One other hiccup almost derailed that dream. That holy grail of hamburgers rang up $890.80.

Tamssot said he was scared. But he did a little mental math and determined the order couldn’t cost that much, even with all the add-ons. Turns out, there was a glitch in the system that charged $280 per cheese, Tamssot said.

The man behind the counter pulled out a calculator and did some longhand arithmetic, finally concluding that the maxed-out Biggest Mac would go for $24.89.

Tamssot said the crew had to call the McDonald’s corporate office for permission to dish out all those toppings.
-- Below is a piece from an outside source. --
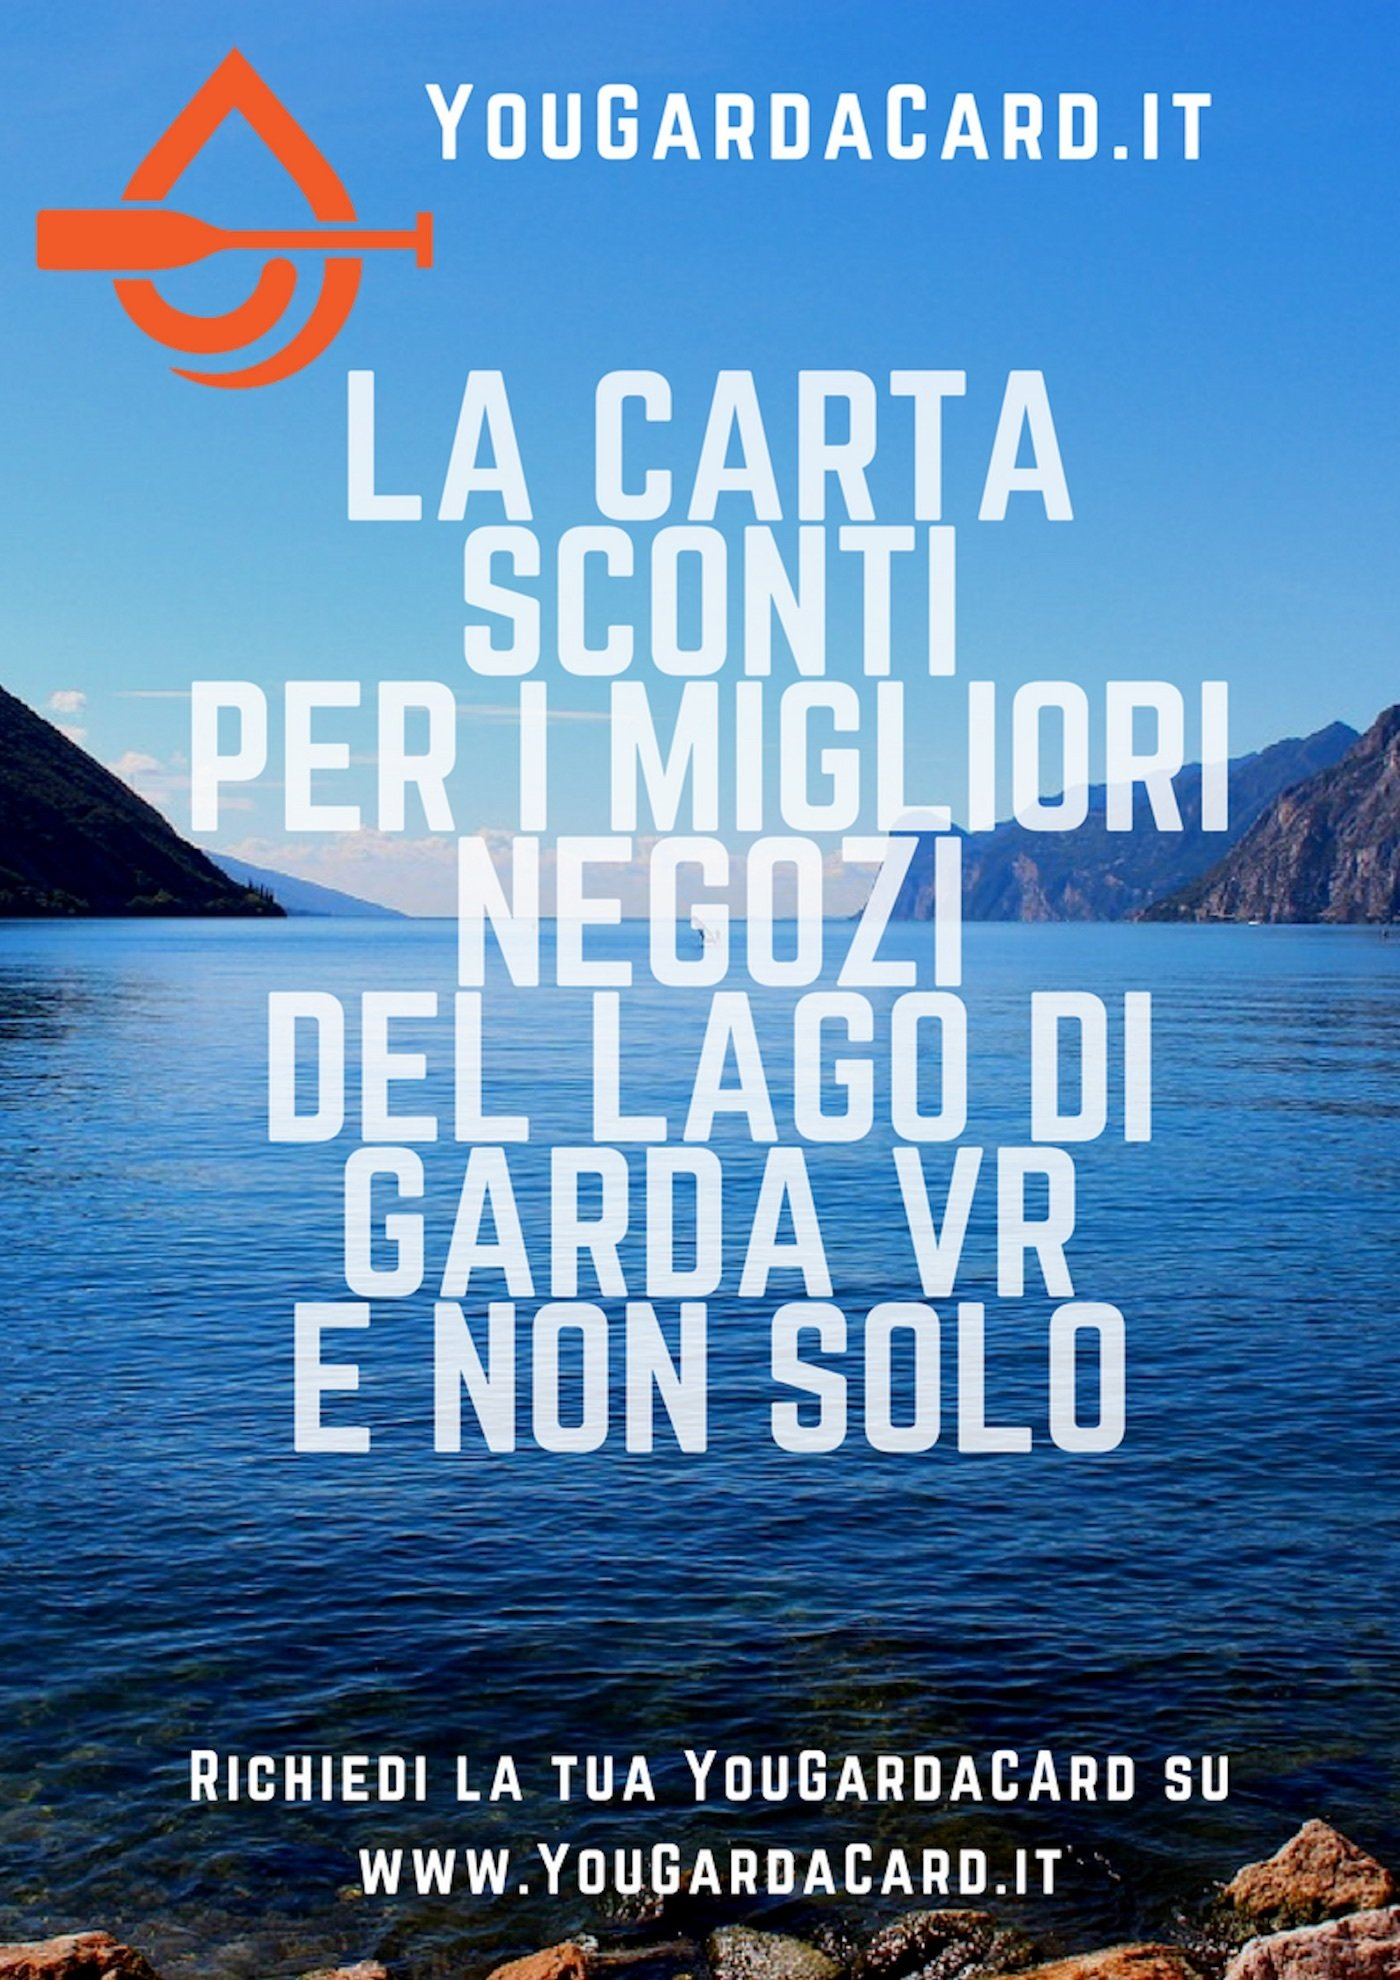 YouGardaCard - Sconti  sul Lago di Garda garda01a

He was surprised when they actually brought his order to the table, complete with a basket of lettuce and tomato, a basket of bacon and a “lake of sauce.” He said they tried to stack as much as they could, but it was up to him to finish the construction.

“They were actually really cool about it,” he said. “This is a huge leap for McDonald’s.”

He took the burger to go, and by grazing through the day, he ate 2.2 pounds of it, leaving only some sauces and a clump of cheese.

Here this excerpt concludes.